Kobani davası sürecinde yaptığı haberler nedeniyle yargılandığını hatırlatan Yurtsever, “Bence normal bir şey yaşamıyoruz. Gazetecilerin örgüt üyeliği gibi ağır suçlamalarla yargılanmasını artık normal karşılayamayız” diyerek, gazetecilere dönük pek çok yargılamanın dayanağı olan TMK’nin gazeteciler açısından daha fazla tartışılması gerektiğine dikkat çekti.

Tekelleşen medya ortamında ‘barış gazeteciliği’

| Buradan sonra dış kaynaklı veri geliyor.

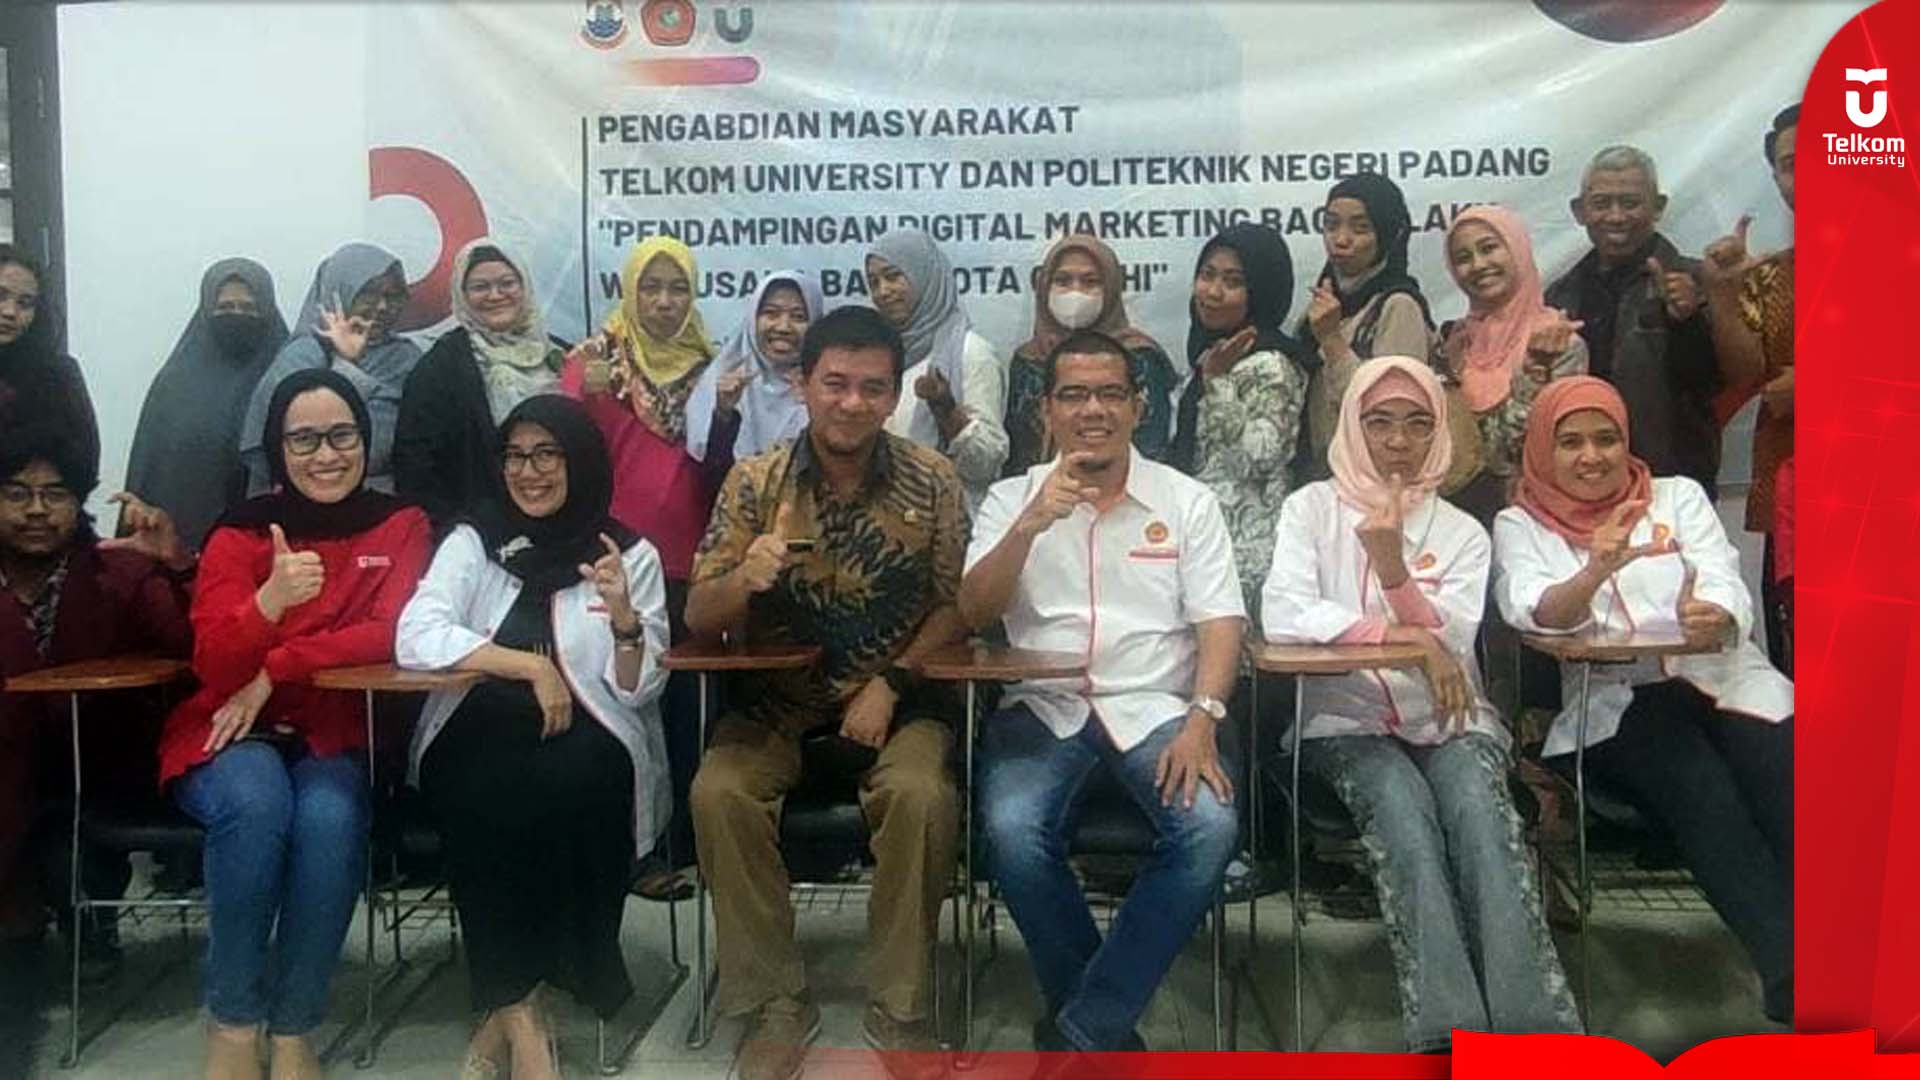 Telkom University and Padang State Polytechnic, Organize Digital Marketing Assistance

Panelistlerden gazeteci ve İlke TV yorumcusu Ercüment Akdeniz, tutuklu olduğu süre boyunca gördüğü dayanışmanın kendisinde büyük bir umut yarattığını söyledi ve cezaevlerinde basın özgürlüğünün nasıl kısıtlandığını şu sözlerle anlattı:

“Cezaevinde İlke TV izleyemiyorduk. 420 bin mahkûm var ama RTÜK kapsamında yayın yapan, Türksat’ta yayın yapan bir televizyon cezaevinde izlenemiyor. İşte ifade ve basın özgürlüğünün geldiği noktanın cezaevlerine yansıması bu. Bu şartlarda barış gazeteciliğinin sesi nasıl duyulacak?”

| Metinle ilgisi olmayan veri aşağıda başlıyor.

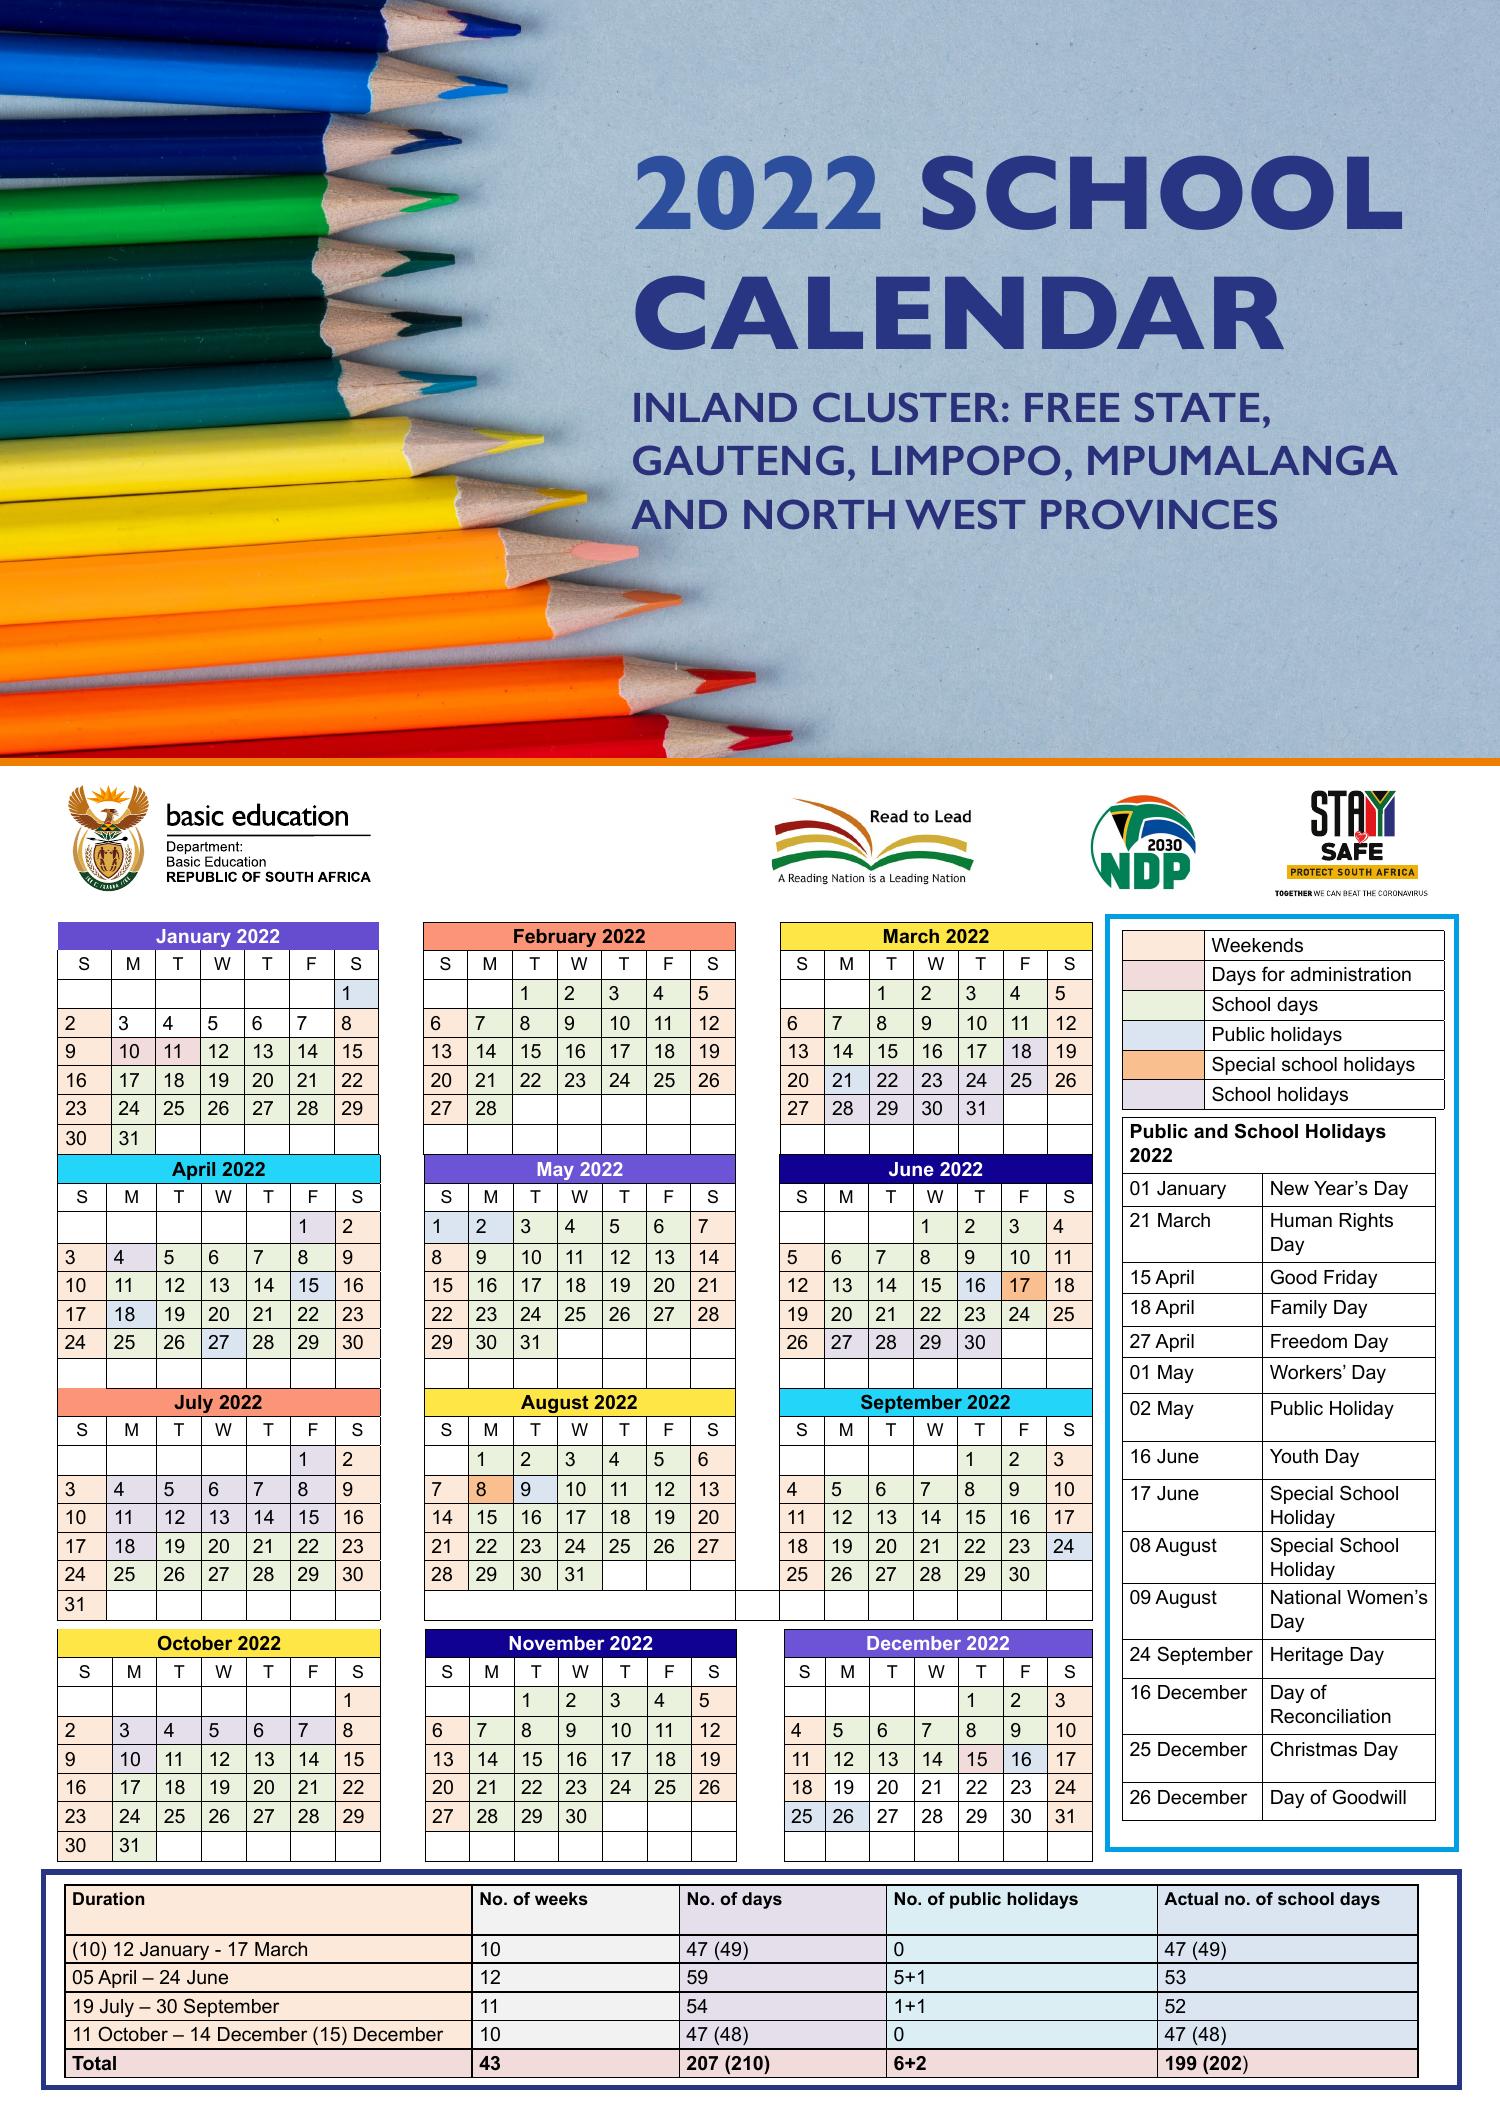 2022 School Calendar Gazette.pdf | Docdroid

Akdeniz, Nasrettin Hoca fıkralarına ve Aziz Nesin öykülerine konu olabilecek bir iddianame üzerinden yargılandığını belirterek, “Anayasayı eleştiriyoruz ama yine de toplumsal bir mutabakat olarak bir norm düzeni olması lazım. Bu açıdan biz yargılandığımız davalarda anayasayı savunuyoruz” dedi.

Sekiz ay boyunca göç ve mülteci haberciliği yapamadığı için üzgün olduğunu söyleyen Akdeniz, medyadaki tekelleşmeye şu sözlerle dikkat çekti:

“Bu sekiz ayda çok şey yapabilirdik ama bizi yaptırılmaz hale getirdiler. Hele de barış gazeteciliğinin bu kadar önemli olduğu bir dönemde… Medya bu kadar tekelleşmişken bize düşen daha çok görev varken işimizi yapmamız engellendi.”

Uluslararası basın örgütlerini gazetecilere dönük yargılamalarda daha objektif olmaya davet eden Akdeniz, sözlerini şöyle noktaladı:

Bir gazeteciyi yargılarken bazen ‘ama biz onu gazetecilikten yargılamıyoruz’ diyorlar. Örneğin ben gazetecilikten yargılanmadıysam niye yargılandım? Anayasal örgütlenme haklarımı kullandığım için mi? Burada sivil toplumun, iktidarın söylemlerini esas almak yerine daha tarafsız bir tutumla gazeteci davalarını takip etmesi gerekir.”

Deprem bölgesinde belgeselcilere baskı: ‘Çekim iznin var mı?’

Panelin son konuşmacısı olan yönetmen Koray Kesik, 2000’lerden sonra sosyal medyanın yaygınlaşmasıyla birlikte belgesel sinemacıların daha görünür hale geldiğini ve pek çok yönetmenin benzer biçimde yargılandığını söyledi.

Kendi evinin de basıldığını belirten Kesik, kameraman ve görüntü yönetmeni olarak çalıştığı bir film nedeniyle bu baskıya maruz kalmasını şöyle açıkladı: “Artık kullandığımız cihazlar da kriminalize edilmeye başlandı.”

Kesik özellikle son 2 yıldır deprem bölgesinde çekim yaparken yaşadığı zorlukları da şöyle aktardı:

“2 yıldır Antakya depremini takip ediyorum. Bu süreçte çok ciddi engellemelere maruz kaldık. Bir yerde çekim yaparken sürekli ‘çekim izniniz var mı?’ diye soruluyor. Taş ocağını çekerken taş ocağı sahibi jandarmayla gelip izin soruyor. Basın kartımız olmadığı için bir şey de gösteremiyoruz. İş tamamen ‘basın kartın var mı?’ meselesine kilitlenmiş durumda.”

Darp edilerek öldürülen gazeteci ve çevre aktivisti Hakan Tosun cinayetini hatırlatan Kesik, Tosun’un sahada çok ciddi baskılara maruz kaldığını vurgulayarak, “Hakan Tosun cinayetinin bu nedenle adli bir vaka olduğunu düşünmüyorum” dedi.

Deprem bölgesinde çekim yapan gazeteci Kazım Kızıl’ın da fiziksel saldırıya uğradığını belirten Kesik, sahada “belgeleme” işi yapan herkesin karşı karşıya kaldığı somut riskleri tüm kamuoyunun üzerine düşünmesi gereken bir gerçeklik olarak hatırlatarak sözlerini noktaladı.